What is it about Shakespeare that so captivated the mighty economic and social history?
Education reformers argue that there is plenty of misogyny, racism, homophobia, classism, anti-Semitism, and misogyny in Shakespeare. While some will say that this is absurd since the author of the plays was not writing essays or articles. Still, in the dramatic plays, in which he merely portrayed various social phenomena, agenda-driven academics seem intent on promoting their schemata at the expense of a literary figure once revered and celebrated by all.
I find the current criticism of Shakespeare as a means to destroy cannons absurd and regrettable, and the process is now quite advanced. All are designed by an academic-journalistic network that wishes to overthrow the canon to promote their supposed program of social change.
It seems that if we read the Western canon to form our social, political, or moral values, we’ll become worshipers of selfishness and exploitation.

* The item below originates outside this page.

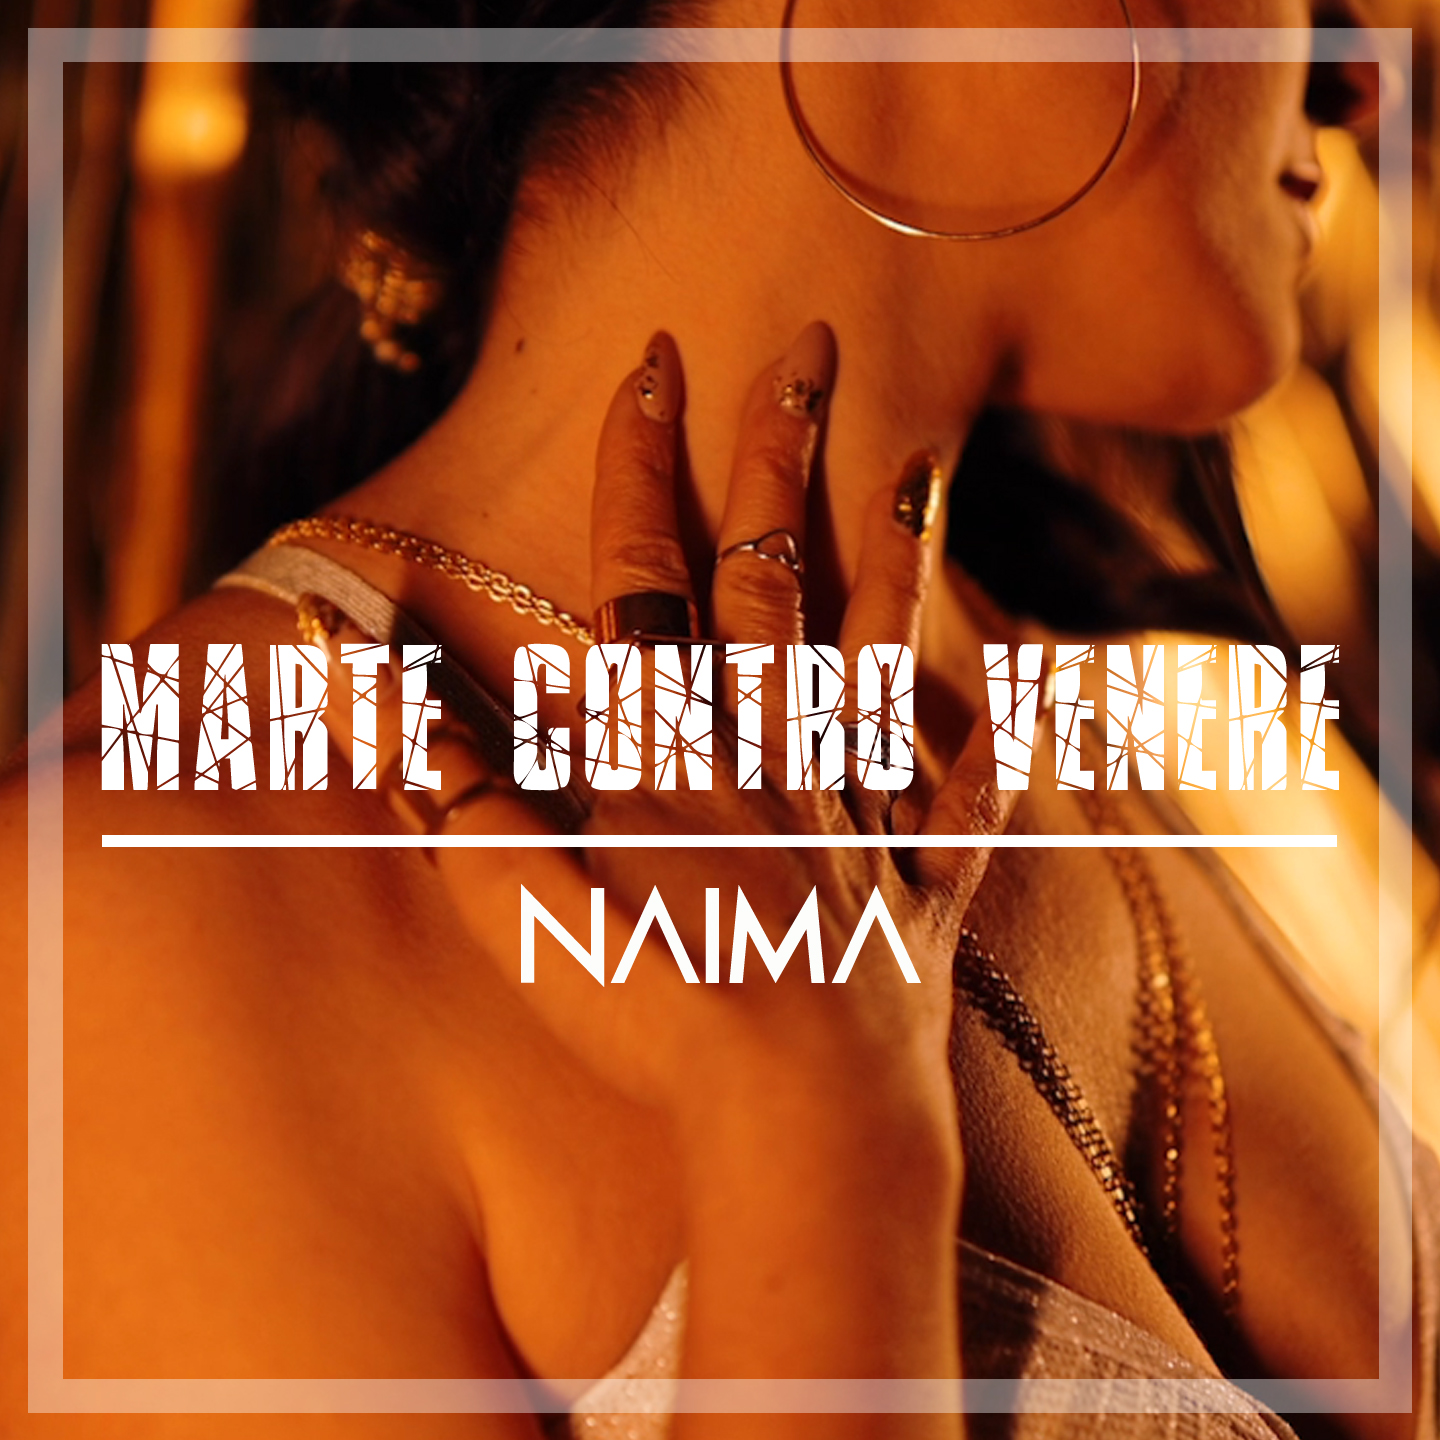 You are currently viewing Naima in radio e negli store digitali il nuovo singolo “Marte contro Venere”

After all, we should not read in the service of ideology.
On the contrary, artistic power enables us to learn how to see ourselves and our confrontation with our mortality.
We must admit that there is a qualitative difference between Shakespeare and every other writer: originality. Shakespeare remains the most original writer we will ever know. No one, I mean, no one, has matched him as a psychologist, thinker, or rhetorician. He is the greatest dramatist, poet, and prose writer in the history of the language.
We need to remember that Shakespeare was a man of his time
He was a writer of the late-sixteenth and early-seventeenth centuries whose works exhibit sixteenth- and seventeenth-century methods of thinking and, like all distinguished writers, say something to us as well. He captured the spirit of his time — presenting blood, obscenity, passion, and politics to packed-out Elizabethan playhouses — and reverberated down through the centuries.
Timeless.
People who did certain things that were normal in their time but are now met with abhorrence exist, and nothing can change that. Removing reminders of them — such as plaques and statues — brings no benefits — on the contrary, it weakens the richness of historical detail and context and paints a false picture of history.
Thanks for your analysis. History is history. To erase it is to erase humanity. Now, how ridiculous is that?